Alvela-Suarez L1,4, Campos J1, Carballo I1, Gomez-Rial J2, Vidal C3, Lombardero M5, Linneberg A6,7, Gonzalez-Quintela A1

1Department of Internal Medicine, Complejo Hospitalario, University of Santiago de Compostela, Spain
2Department of Immunology, Complejo Hospitalario, University of Santiago de Compostela, Spain
3Department of Allergy, Complejo Hospitalario, University of Santiago de Compostela, Spain
4HM-Hospital La Rosaleda, Santiago de Compostela, Spain
5CMC R&D Department, ALK-Abelló S.A., Madrid, Spain
6Research Centre for Prevention and Health, Rigshospitalet, Glostrup, Denmark
7Department of Clinical Medicine, Faculty of Health and Medical Sciences, University of Copenhagen, Copenhagen, Denmark

J Investig Allergol Clin Immunol 2019; Vol 29(3) : 213-221
doi: 10.18176/jiaci.0309

Background: Alcohol consumption is associated with enhanced TH2 immune responses.

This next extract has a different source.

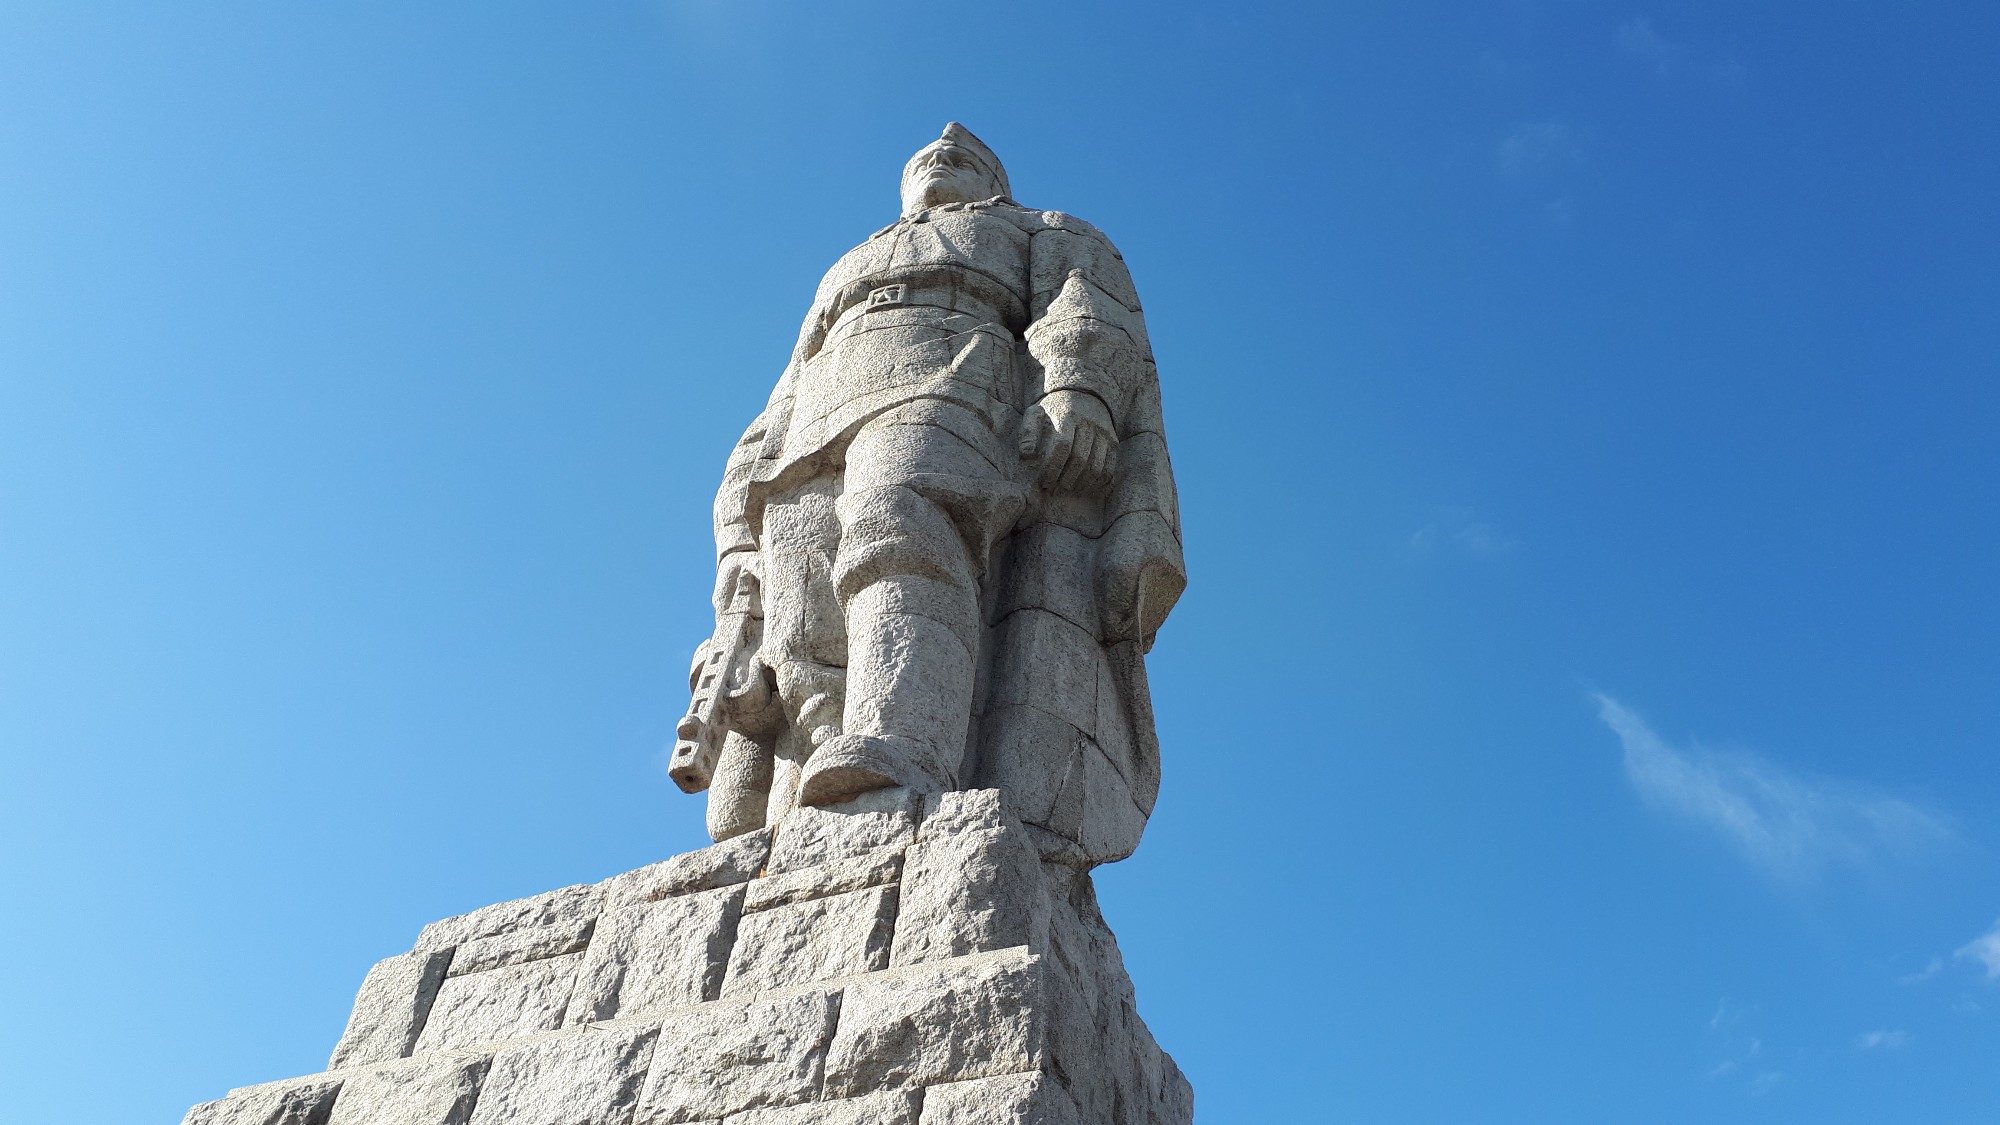 Памятник алеше в болгарии фото крупным планом

Objective: To investigate the frequency of false-positive results in serological tests for allergy in alcoholic patients.

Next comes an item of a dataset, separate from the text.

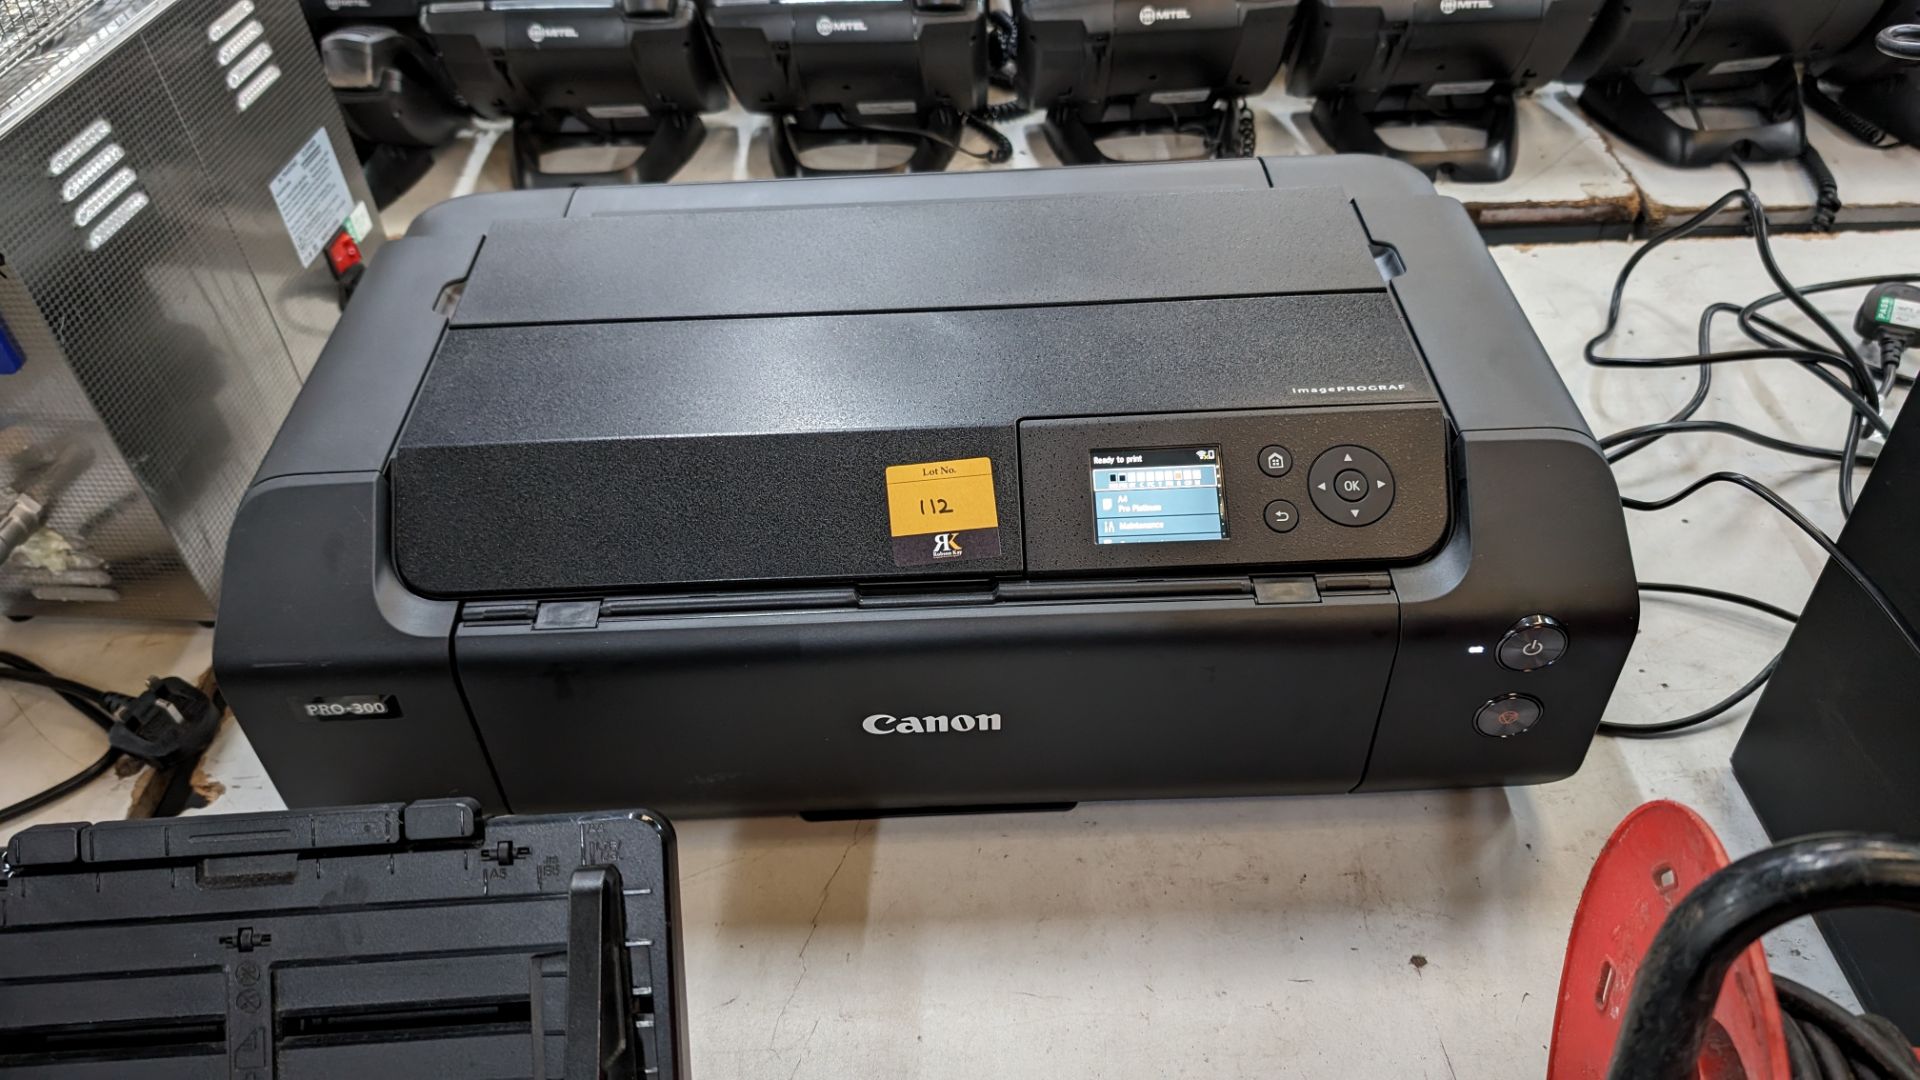 Canon Pro-300 ImagePROGRAF A3 printer

Methods: A total of 138 alcoholic patients consecutively admitted to hospital underwent a panel of allergy tests that included serum total IgE, a multiallergen IgE test (UniCAP Phadiatop), and skin prick tests to relevant aeroallergens in the area, which were considered the standard reference for atopy. In selected cases with positive specific IgE (sIgE) to cross-reactive carbohydrate determinants (CCDs) on ImmunoCAP, we determined sIgE to hymenoptera venom components (ADVIA Centaur) and a microarray of 103 allergen components (ISAC).

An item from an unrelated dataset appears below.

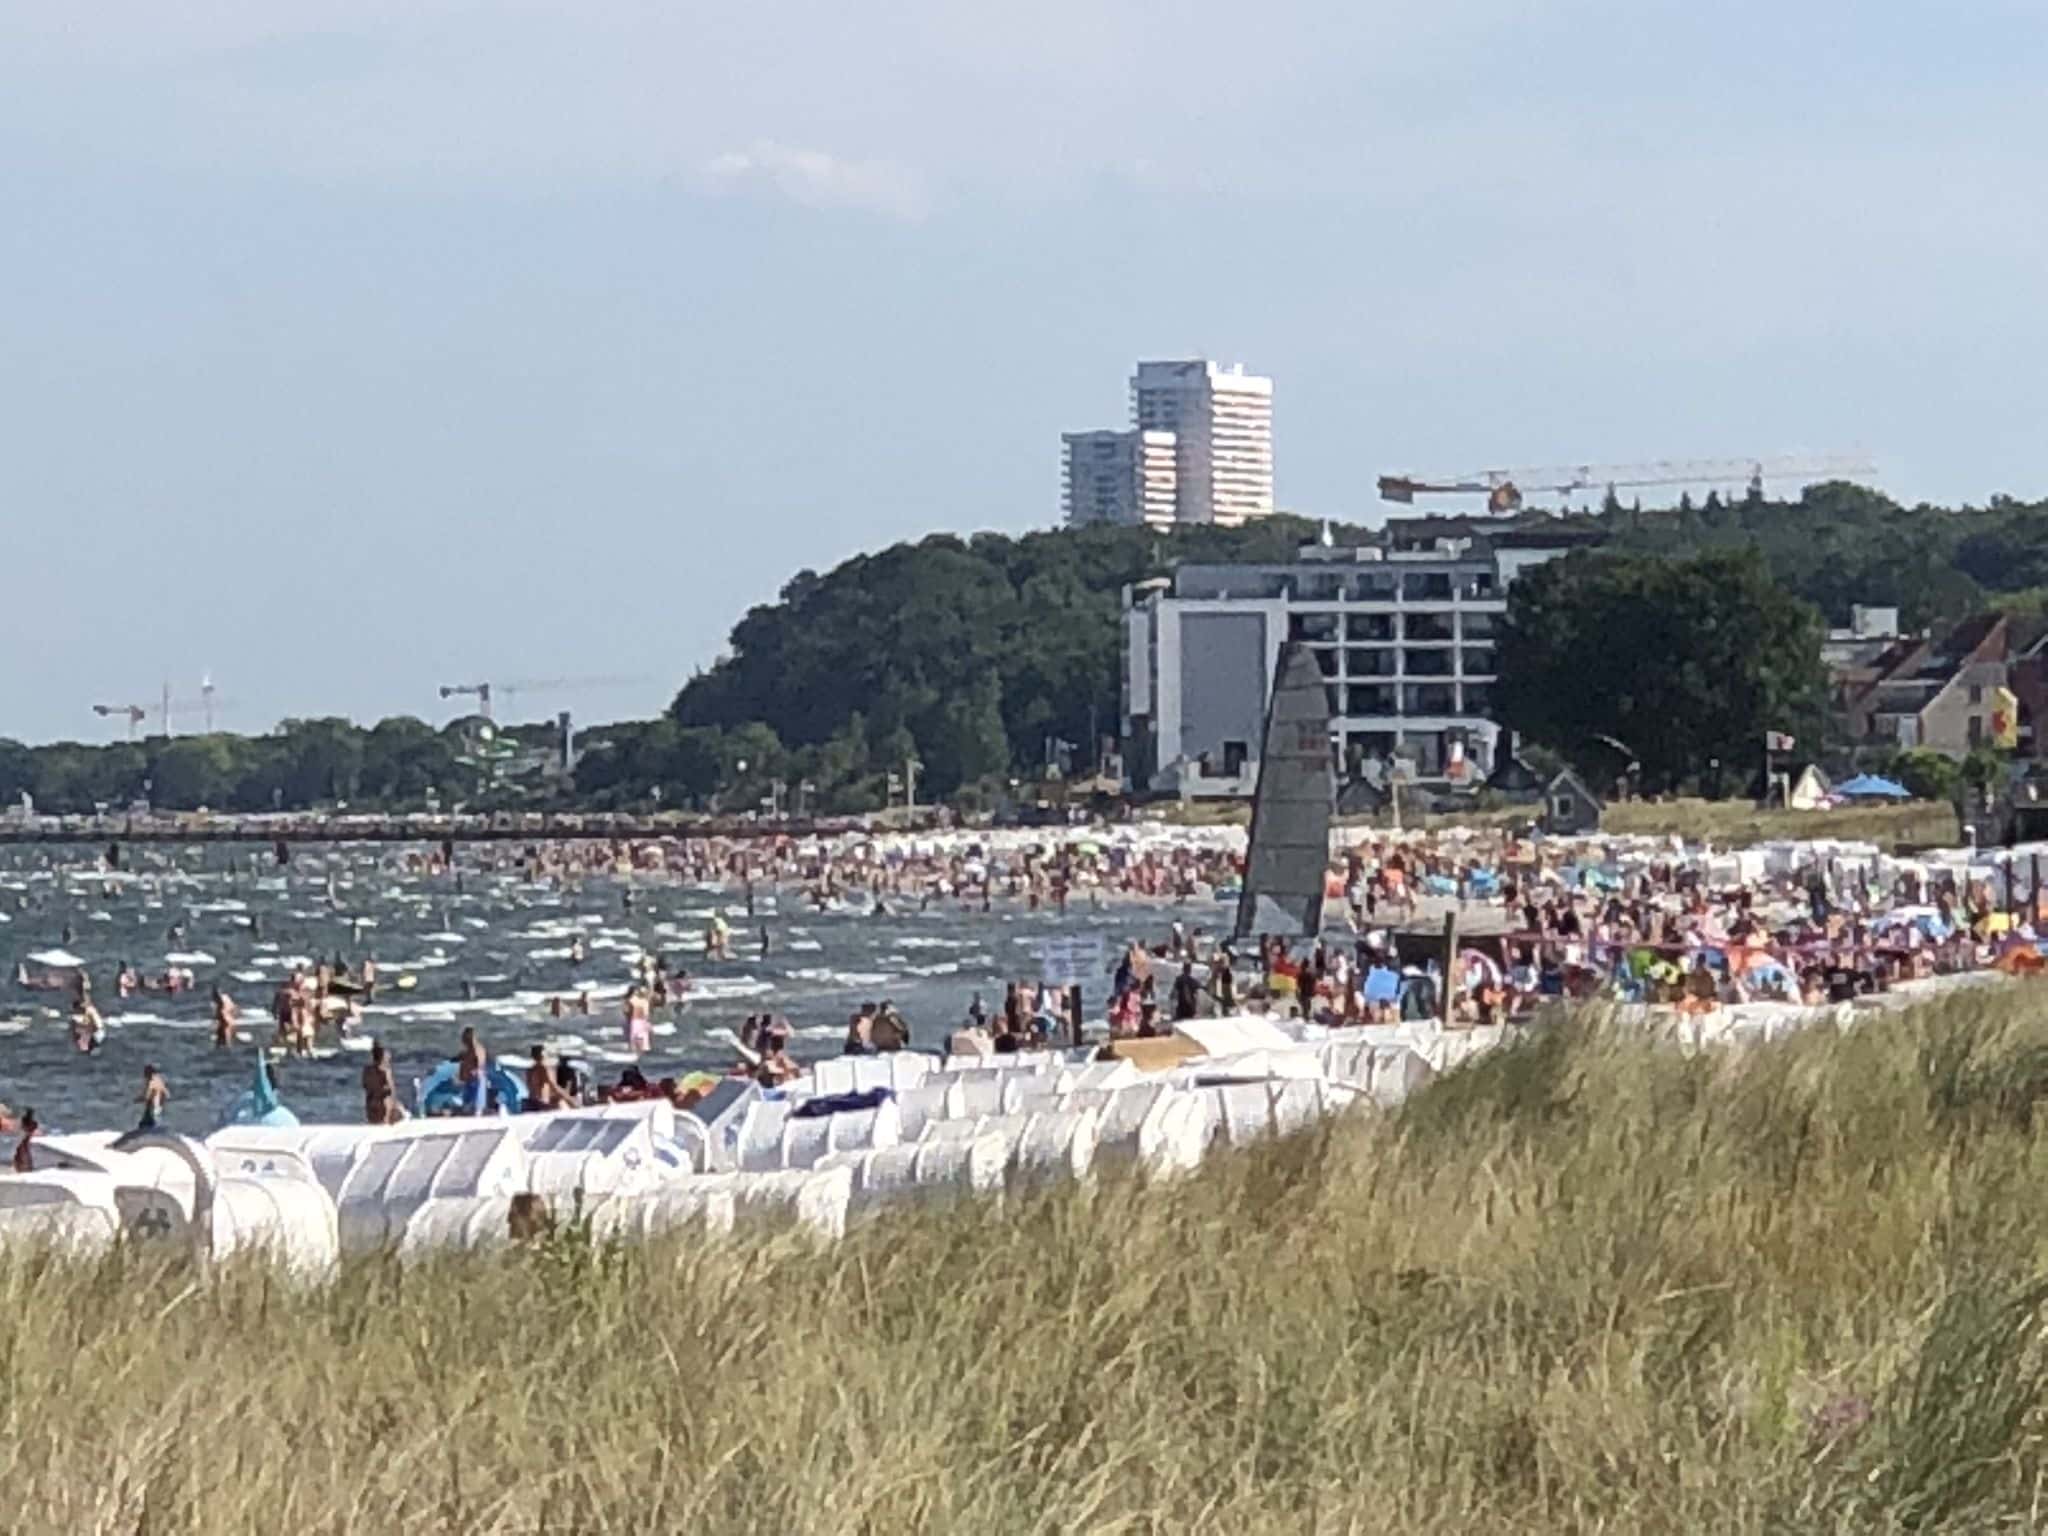 Volle, volle, hoge zomer in Scharbeutz: op sommige zomerdagen kun je geen voet op het strand op de grond krijgen. Foto: Sascha Tegtmeyer

Results: Increased serum total IgE (>170 IU/mL) was observed in 59/110 (54%) of nonatopic (skin prick test–negative) patients. The result of the multiallergen IgE test was positive in 46 nonatopic patients (42%). This finding was closely associated with high serum concentrations of total IgE and sIgE to CCDs. The vast majority of patients with positive CCD-sIgE showed positivity to glycosylated plant and hymenoptera allergen components on ISAC and ADVIA Centaur. Only 1 out of 26 patients with positive sIgE to CCD and hymenoptera venom developed honeybee venom allergy after a median follow-up of 166 months. Correlations between measurements of sIgE to CCD markers on ImmunoCAP, ADVIA Centaur, and ISAC were imperfect.
Conclusions: Serological tests for allergy should be interpreted with caution in alcoholic patients, who frequently have increased levels of total IgE and CCD-sIgE and subsequent positivity of sIgE to glycosylated allergen components, irrespective of the method used.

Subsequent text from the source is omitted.